Em espécies de Eucalyptus, os primeiros estudos envolvendo a análise da expressão gênica no processo de xilogênese foram publicados apenas recentemente. PAUX et al. (2004), foram os precursores, tendo construído uma biblioteca subtrativa (SSH) de xilema usando cDNAs de xilema em desenvolvimento como controle e folhas como população-driver. Nesse estudo, foi identificado um total de 224 genes específicos do xilema, sendo que os genes para CesAs, genes de lignificação, XETs e expansinas foram significativamente mais expressos. Recentemente, Foucart et al. (2006) utilizaram a mesma técnica (SSH) para identificar genes diferencialmente expressos entre o xilema e o floema durante a xilogênese em Eucalyptus. Os autores ampliaram, portanto, os estudos iniciais, com o desenvolvimento de bibliotecas subtrativas para tecidos de xilema versus floema, identificando 87 genes preferencialmente expressos no xilema e que codificam proteínas envolvidas na formação da parede celular secundária, regulação hormonal e morte celular programada.

Utilizando a técnica de cDNA-AFLP, Ranik e Myburg et al (2006), estudaram o padrão de expressão dos genes relacionados a xilogênese em árvores de 6 anos de idade de Eucalyptus. Os autores coletaram amostras de tecidos em estágios diferentes do desenvolvimento da madeira (xilema imaturo, xilema maduro, floema e casca) em duas posições do caule, de modo a permitir uma visão global da abundância e variabilidade dos transcritos ao longo do caule. Um total de 71 transcritos diferencialmente expressos foi caracterizado, incluindo diversos genes relacionados à diferenciação celular, transdução de sinais e biossíntese de parede celular.

Kirst et al (2005) estudaram a variação na abundância de mRNAs no xilema em desenvolvimento em uma progênie híbrida de Eucalyptus usando micro-arranjos. As mudanças quantitativas na abundância da expressão gênica foram mapeadas em dois mapas de ligação de árvores individuais, tendo sido possível identificar um QTL de expressão gênica que explica até 70% da variação no nível de transcrição. Anteriormente, os mesmos autores, utilizando a mesma população e a técnica de micro- arranjos, identificaram uma correlação entre a baixa expressão dos genes envolvidos

na biossíntese de lignina e vias de metilação, associadas ao rápido crescimento do tronco. Além disso, foram identificados dois locos genéticos responsáveis pela regulação dos níveis de transcrição de genes relacionados a biossíntese de lignina que se co-localizam com QTLs de crescimento, sugerindo assim, que as mesmas regiões genômicas podem estar regulando essas características (KIRST et al., 2004).

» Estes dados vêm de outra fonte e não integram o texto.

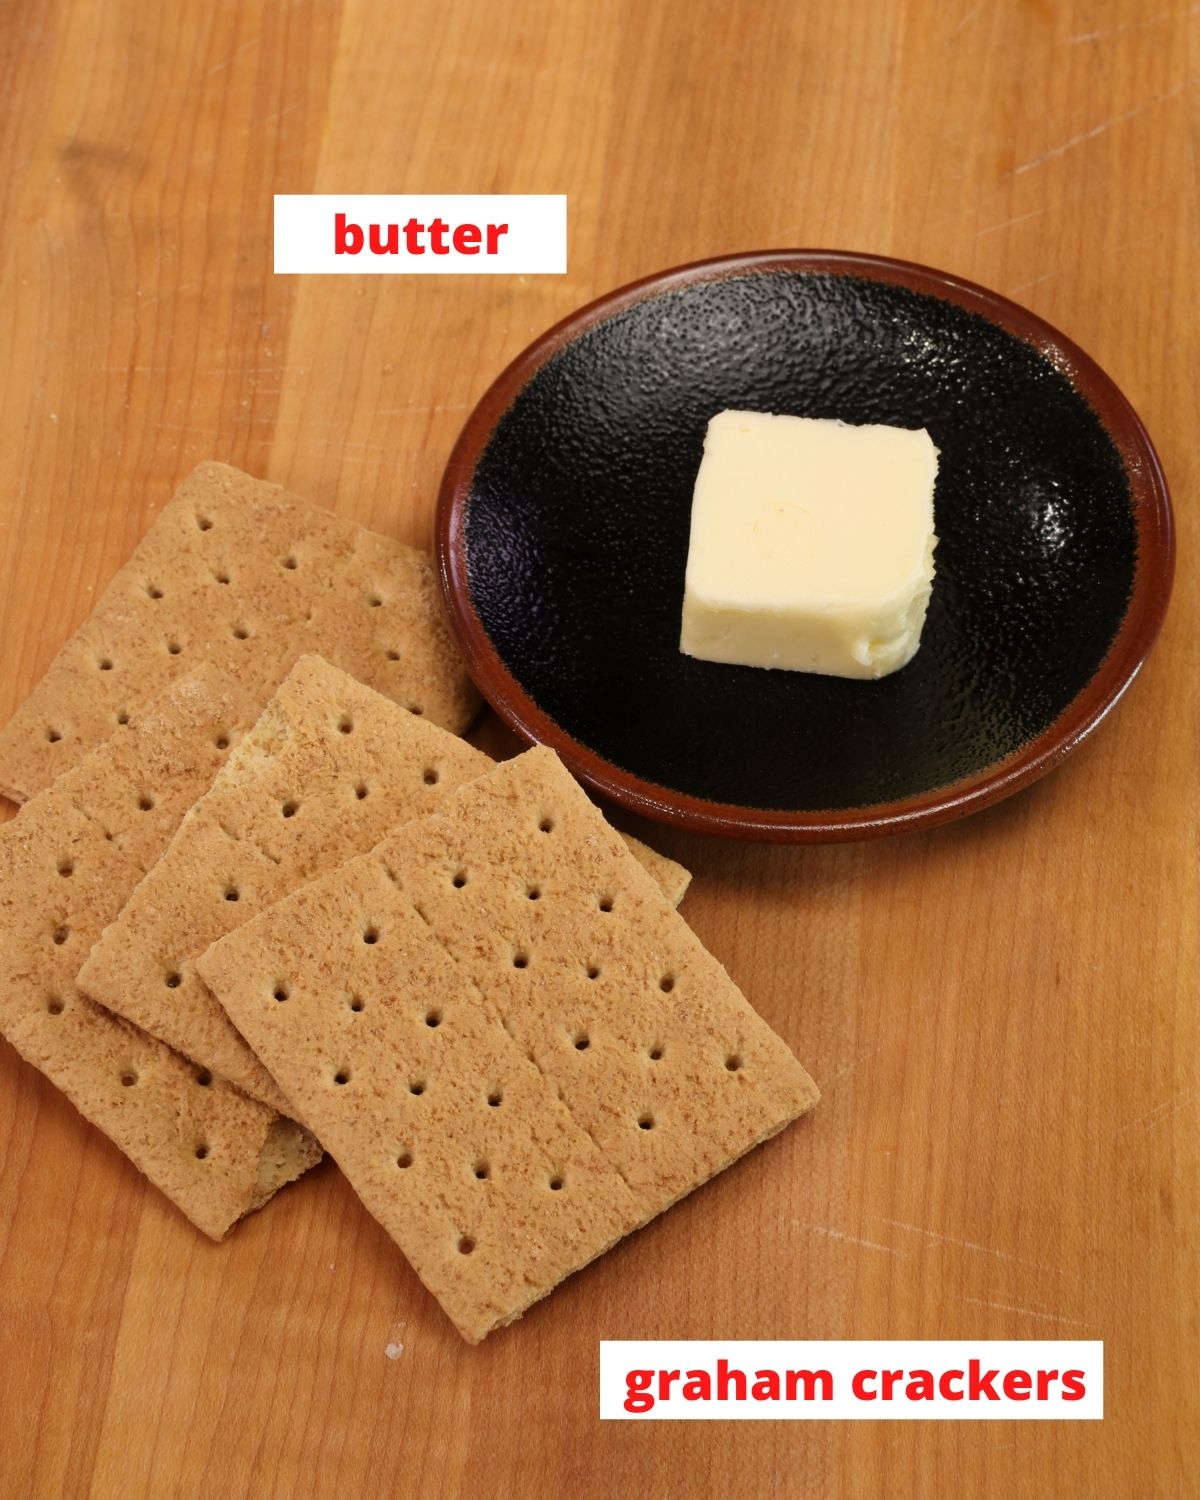 graham crackers and a tablespoon of butter on a wooden cutting board.

Também em 2005, Paux e colaboradores utilizando o modelo de indução de madeira de reação analisaram os perfis de expressão na formação da madeira de reação no xilema de eucalipto. Os autores estudaram alguns genes em sistema de macro-arranjos sob diferentes tempos de indução e identificaram 196 genes diferencialmente regulados, sendo que os genes relacionados à biossíntese de celulose (CesA) apresentaram maior expressão em conjunto com a formação da camada G e os genes relacionados à lignina apresentaram menor expressão, em relação a madeira normal.

A identificação dos genes e dos mecanismos envolvidos na formação da madeira, associada às tecnologias de seleção assistida e transformação genética, representa uma excelente oportunidade para aumentar a eficiência, reduzir o tempo e o custo necessários para a seleção de genótipos superiores de modo a agregar cada vez mais fatores que elevam a qualidade da madeira e atendem as diversas necessidades da indústria. Dessa forma, a grande maioria dos estudos em eucalipto atualmente concentra-se na caracterização e isolamento de genes relacionados ao processo de formação da madeira, particularmente os envolvidos na biossíntese de lignina e de celulose (VALÉRIO et al., 2003; PAUX et al. 2005; KIRST et al., 2004).